Optogenetic stimulation was applied with a 1-ms light pulse from a 470-nm laser source; the light was guided with an optic fiber placed within 1 mm of the recorded neurons. The total power of the laser measured at the tip of the fiber by Power Meter (Thorlabs) was ~5 mW/mm2.
We measured the resting potential of all neurons in current-clamp mode immediately after rupture of the neuronal membrane. Input resistance was determined by measuring the voltage change in response to a small hyperpolarizing current pulse (5 pA, 50 ms) at resting potential. Spike threshold was acquired by 20-pA step increments of current injection and determined as the point at which the first AP was evoked. Series resistance was observed throughout the entire experiment and was not compensated. Cells with series resistances over 20 MΩ were excluded.
All solutions were kept saturated with 95% O2 and 5% CO2. Acute slices were continuously perfused with aCSF at room temperature. All data except the experiment performed with PV-Cre/Ai27D mice were sampled at 20 kHz by the EPC-10 amplifier (HEKA Elektronik) with Patchmaster software (HEKA Elektronik) and further analyzed by MATLAB (Mathworks).
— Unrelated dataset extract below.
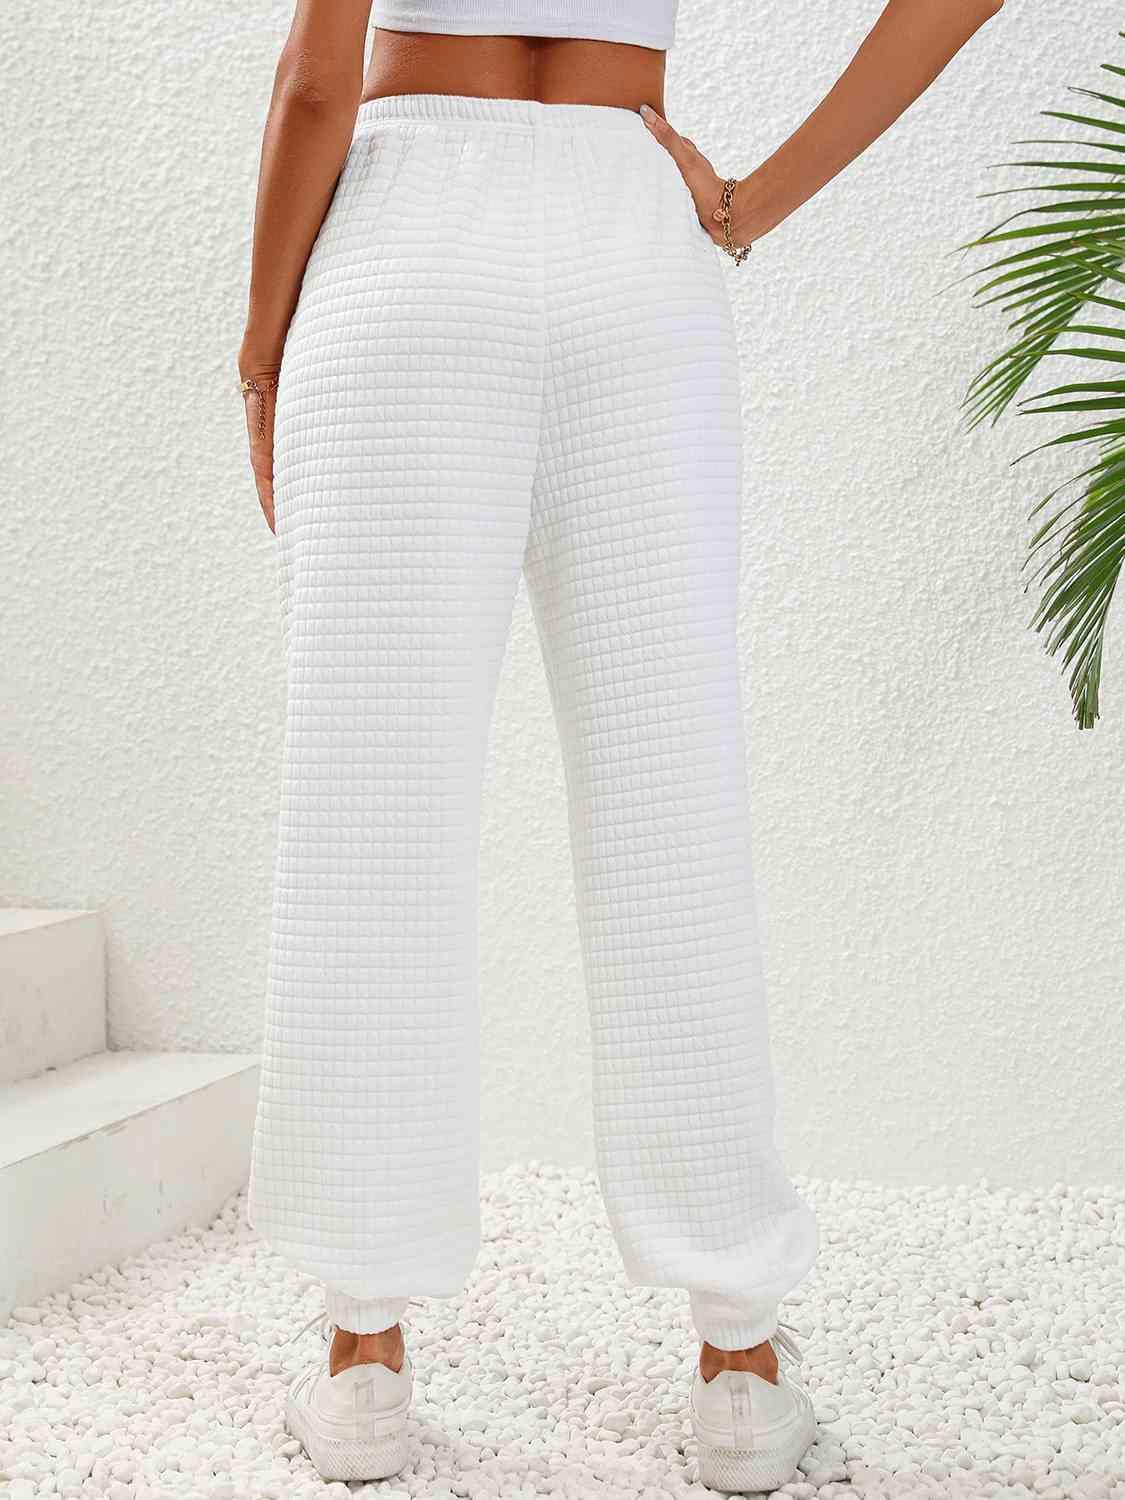 Women's White Pull-On Textured Joggers - MXSTUDIO.COM

Electrophysiological data for the experiment using PV-Cre/Ai27D mice were recorded using an Axopatch 700B amplifier (Molecular Devices), and command pulse generation was performed using Digidata 1550 (Molecular Devices). The data were further analyzed using Clampfit 10.4 (Axon Instruments) and IGOR Pro software (Wavemetrics).
Drug application
The following drugs were perfused in aCSF: 100 µM AP5 ([2R]-amino-5-phosphonovaleric acid, an N-methyl-D-aspartate (NMDA) receptor antagonist, Tocris; IC50 = ~50 µM), 10 µM CNQX (6-cyano-7-nitroquinoxaline-2,3-dione, an AMPA/kainate receptor antagonist, Tocris; IC50 = 1.5 µM), 2 µM bicuculline (ionotropic g-aminobutyric acid or GABAA receptor antagonist, Sigma-Aldrich; IC50 = 2 µM), 0.5 µM TTX (tetrodotoxin, a Na+ channel blocker, Abcam; IC50 < 10 nM), and 100 µM 4-AP (4-aminopyridine, a Kv1 channel blocker, Tocris; IC50 = 147 µM). All drugs were perfused throughout the experimental protocol and washed out for at least 30 min after the end of the protocol.
Statistics
Data analysis was performed using MATLAB (Mathworks), and GraphPad Prism 6.0 (GraphPad Software). Data are presented as the mean ± standard deviation unless otherwise noted. Parametric or non-parametric tests were employed according to the normality tests. Statistical analyses were performed using a two-tailed Student’s t-test for the comparison of two groups. For comparisons across more than two groups, data were analyzed using one-way analysis of variance followed by Tukey’s post hoc analysis to correct for multiple comparisons. For data with a non-normal distribution, the non-parametric Mann-Whitney or Wilcoxon signed-rank tests were used. A P value < 0.05 was considered statistically significant.